Word count: 250 words
Reading time: about 1 minute
A great way to improve your writing skills is to emulate the work of others. That’s why, every week, I present a sentence that I’d happily imitate. Today’s comes from Amor Towles.
There’s been a fuss about the novel Rules of Civility by Amor Towles. I know this because I discovered the book on the “fast reads” shelf of my library, which is usually reserved for bestselling titles like The Racketeer (John Grisham) and Harry Potter. Out of curiosity, I grabbed it.
The book hasn’t impressed me.
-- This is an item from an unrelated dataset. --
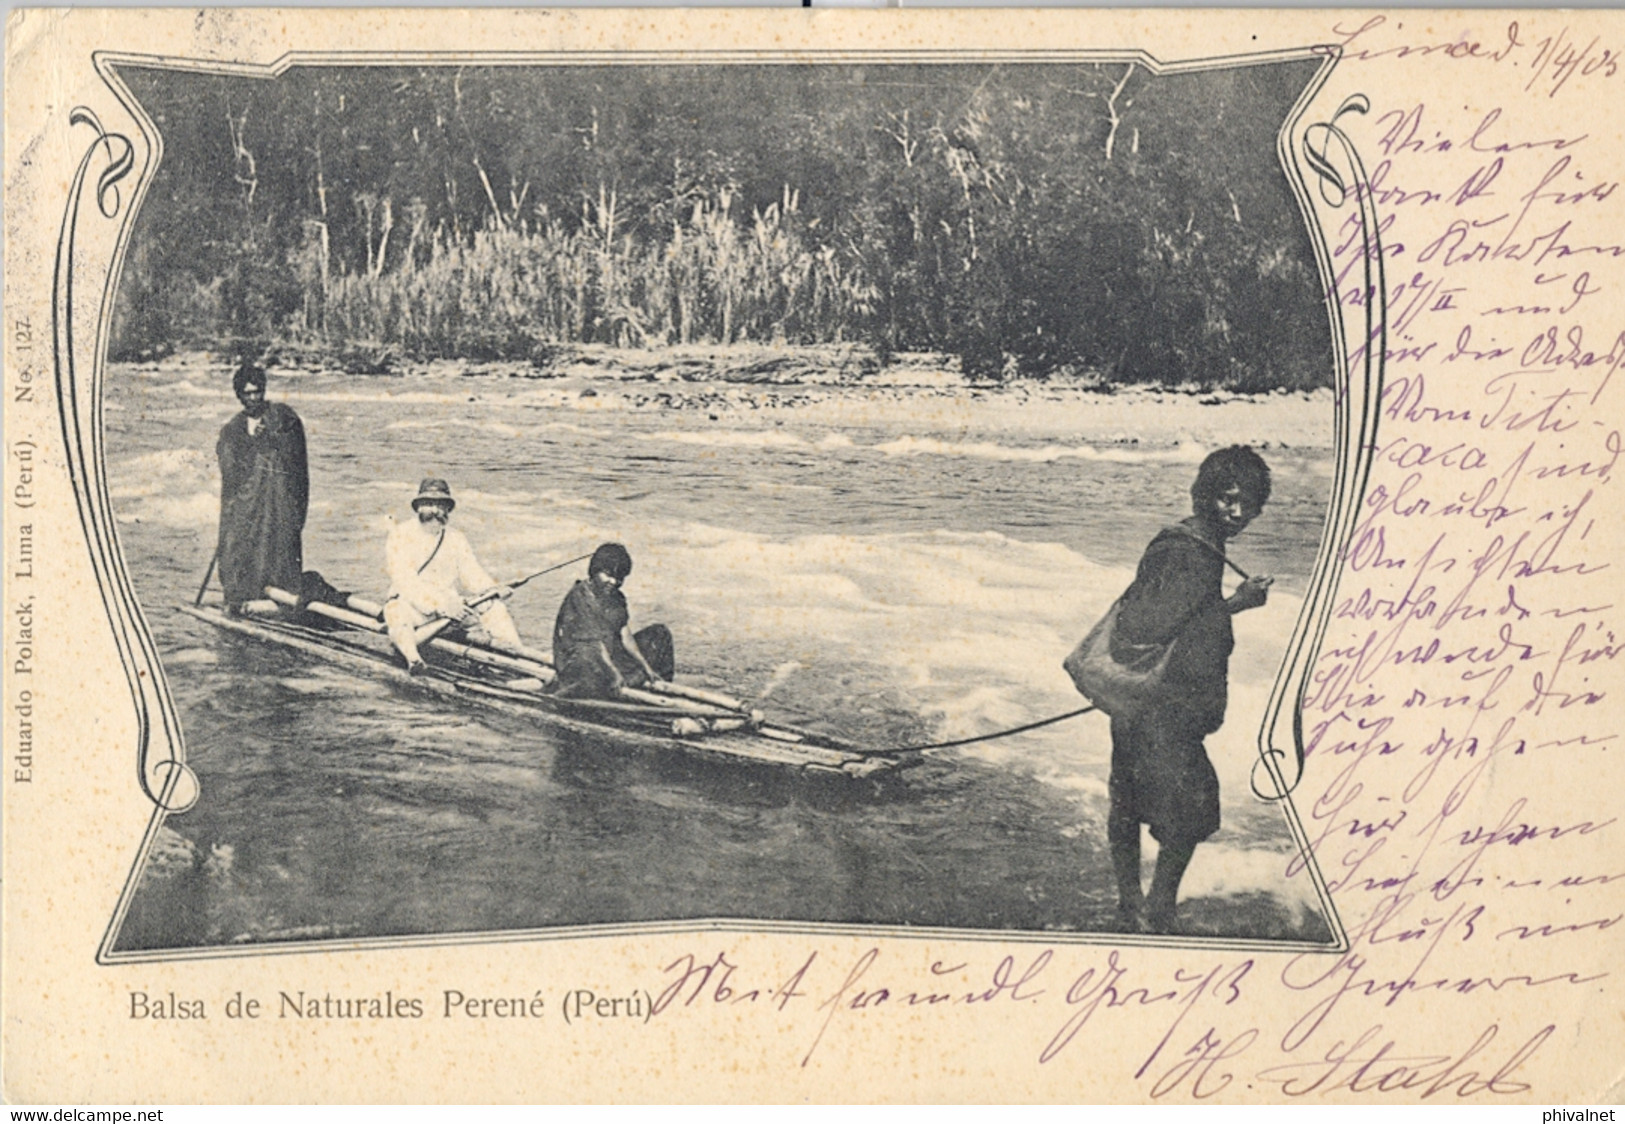 1905 PERÚ , T.P. CIRCULADA , LIMA - BERLIN , LLEGADA , BALSA DE NATURALES PERENÉ - Perú

Even though it earned positive reviews from usually trustworthy sources (The New York Times Book Review, The Wall Street Journal, The Boston Globe), and 231 five-star ratings on Amazon.com, I’m more inclined to side with those who awarded it only one star.
I found much of the language too Sam Spade (ish?) and I felt the main character didn’t seem like a realistic woman. As one reader put it: “Meh. Another man writing as if he can get inside a woman’s head.” I agree. He couldn’t quite manage it. That said, the occasional sentence appealed to me. Here’s one I liked:
I sutured split infinitives and hoisted dangling modifiers and wore out the seat of my best flannel skirt.
I think I was won over by the verb “sutured” applied here to split infinitives. Clever! I also liked the juxtaposition of a secretary working on language and wearing out her skirt.